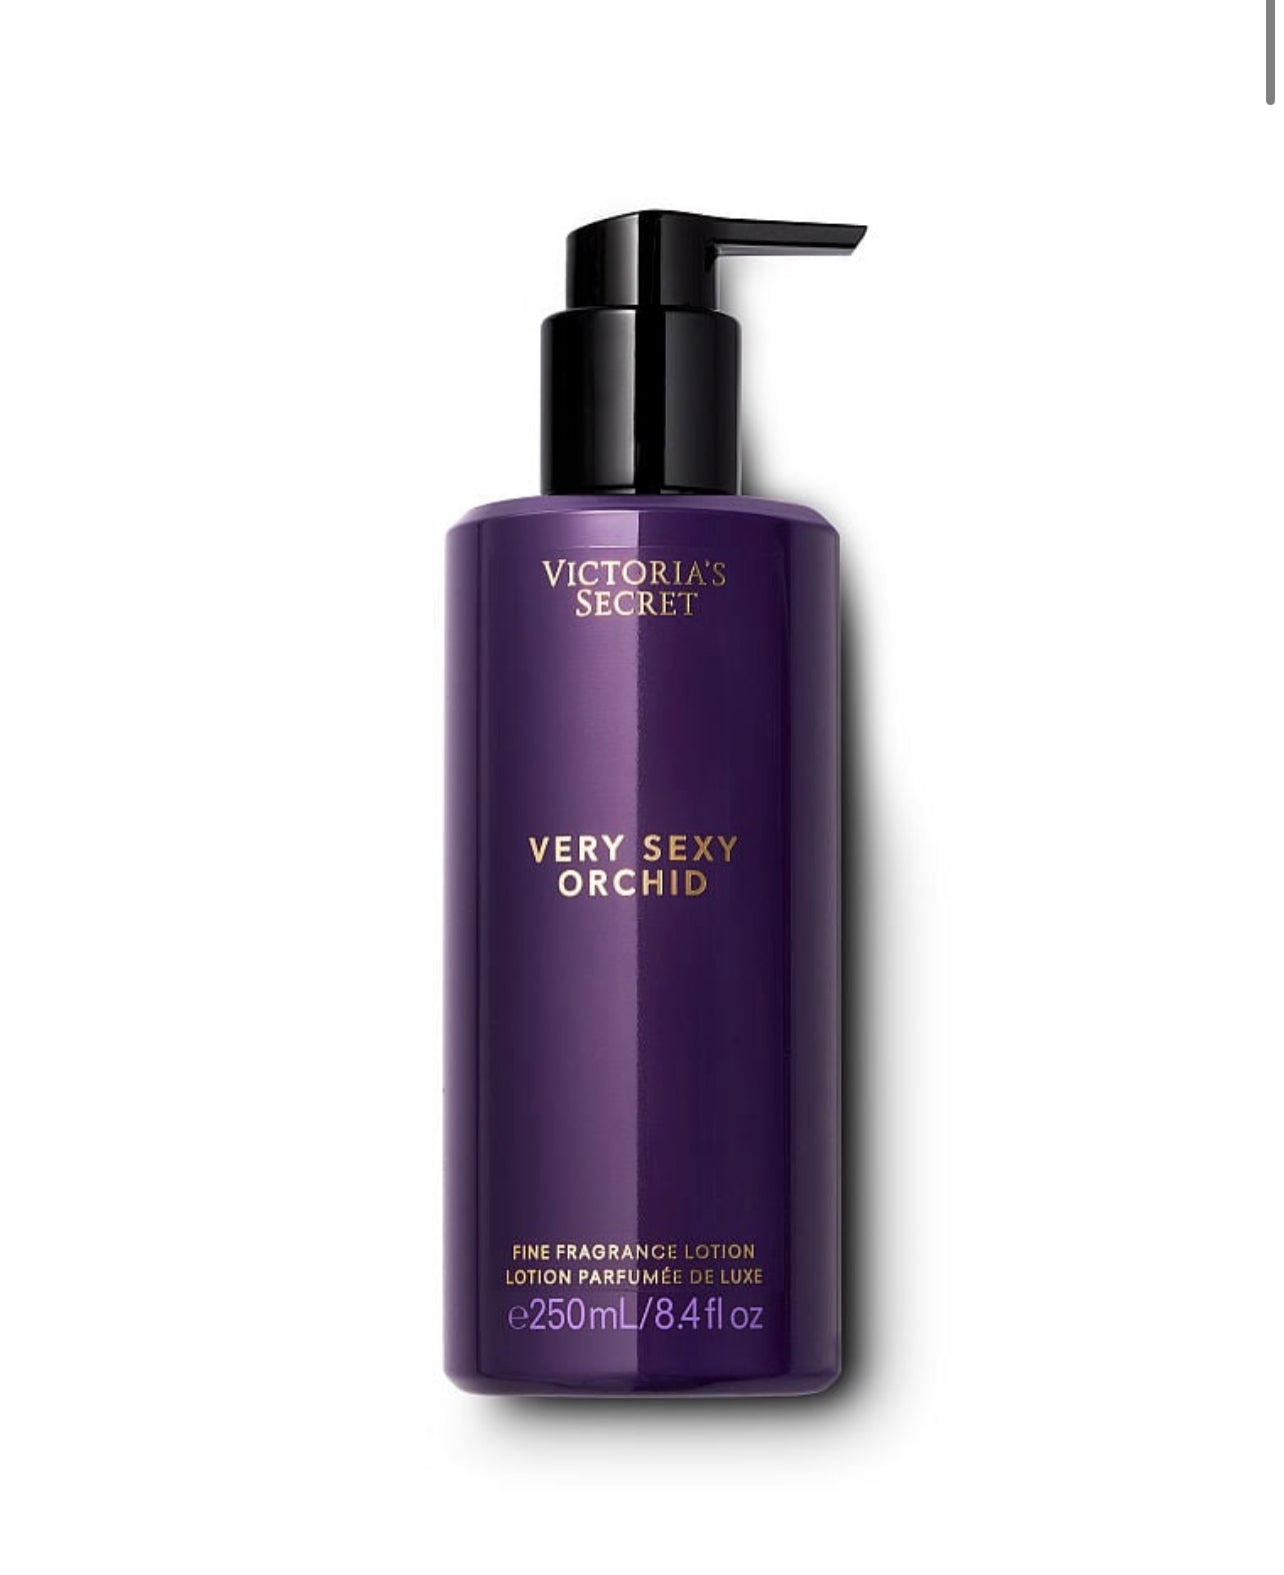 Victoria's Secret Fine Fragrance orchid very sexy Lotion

* * *

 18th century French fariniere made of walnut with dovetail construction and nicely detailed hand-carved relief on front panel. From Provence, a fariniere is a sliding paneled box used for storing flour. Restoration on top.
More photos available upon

* * *

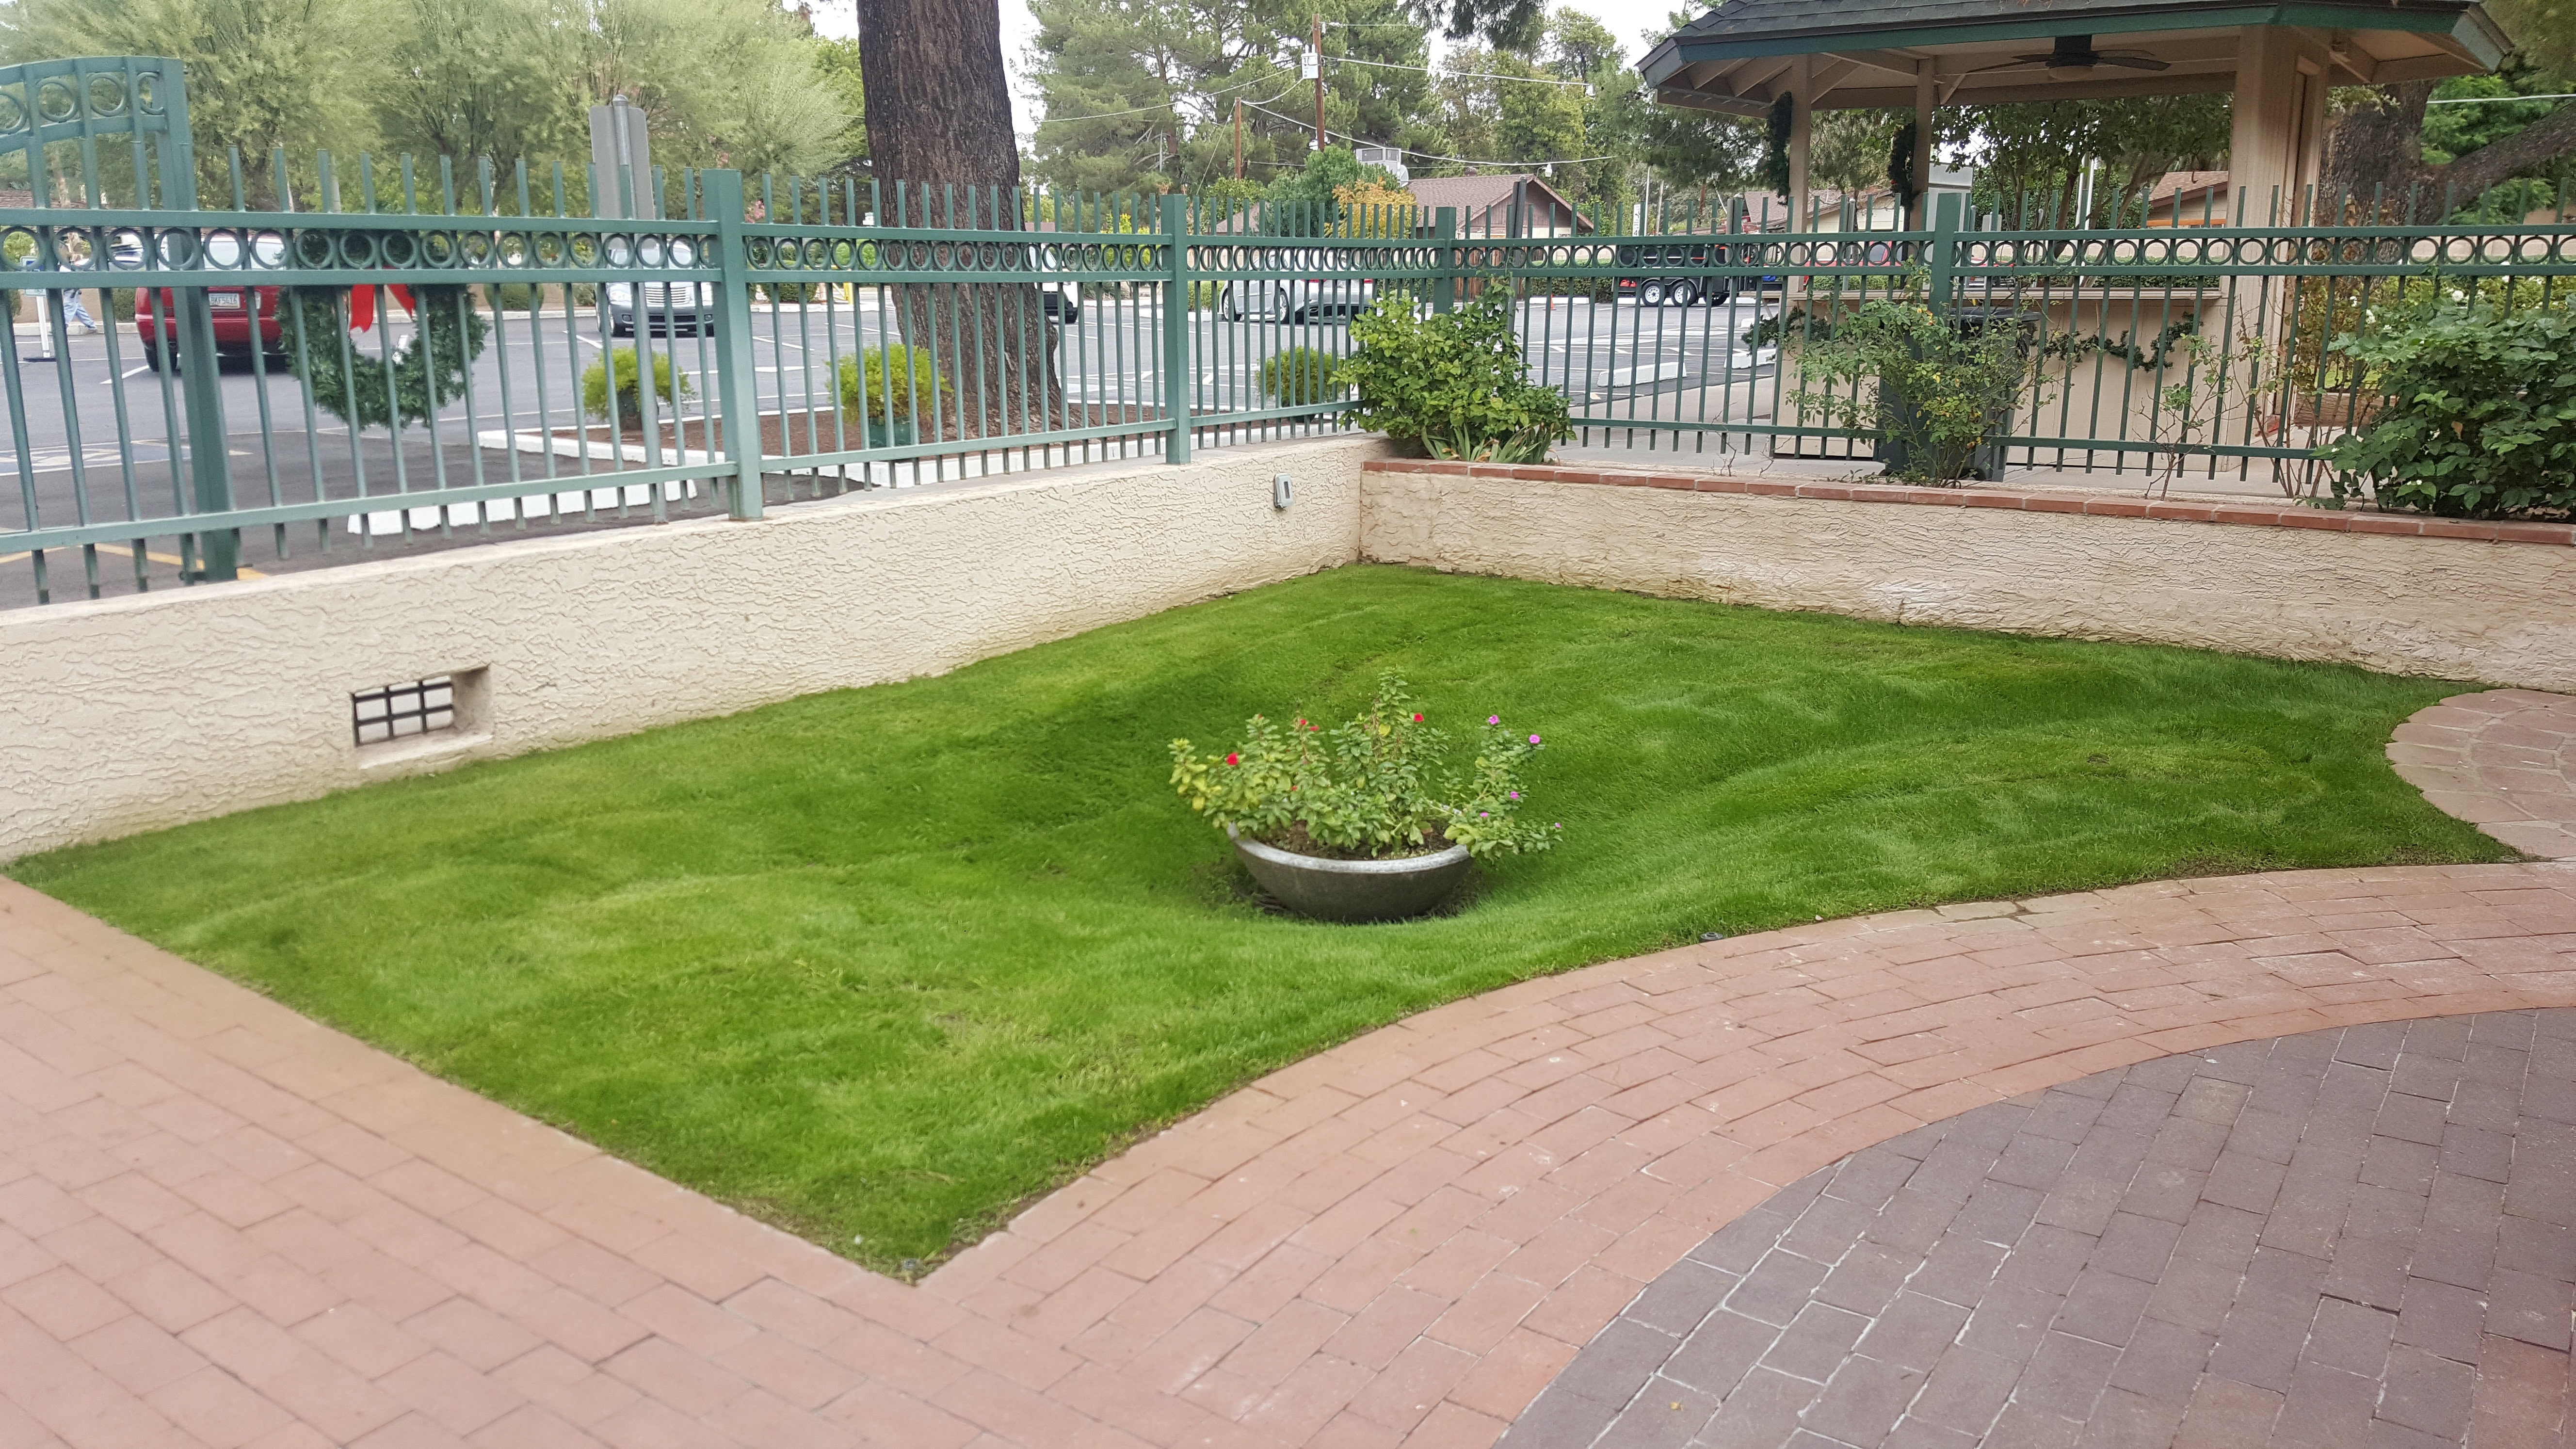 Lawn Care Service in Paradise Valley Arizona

• _What you should do_
In the listing above, find the line with "18th century French" and the line with "More photos available upon"; set down exactly those two lines and every line between them, nothing more.

• _Expected answer_
 18th century French fariniere made of walnut with dovetail construction and nicely detailed hand-carved relief on front panel. From Provence, a fariniere is a sliding paneled box used for storing flour. Restoration on top.
More photos available upon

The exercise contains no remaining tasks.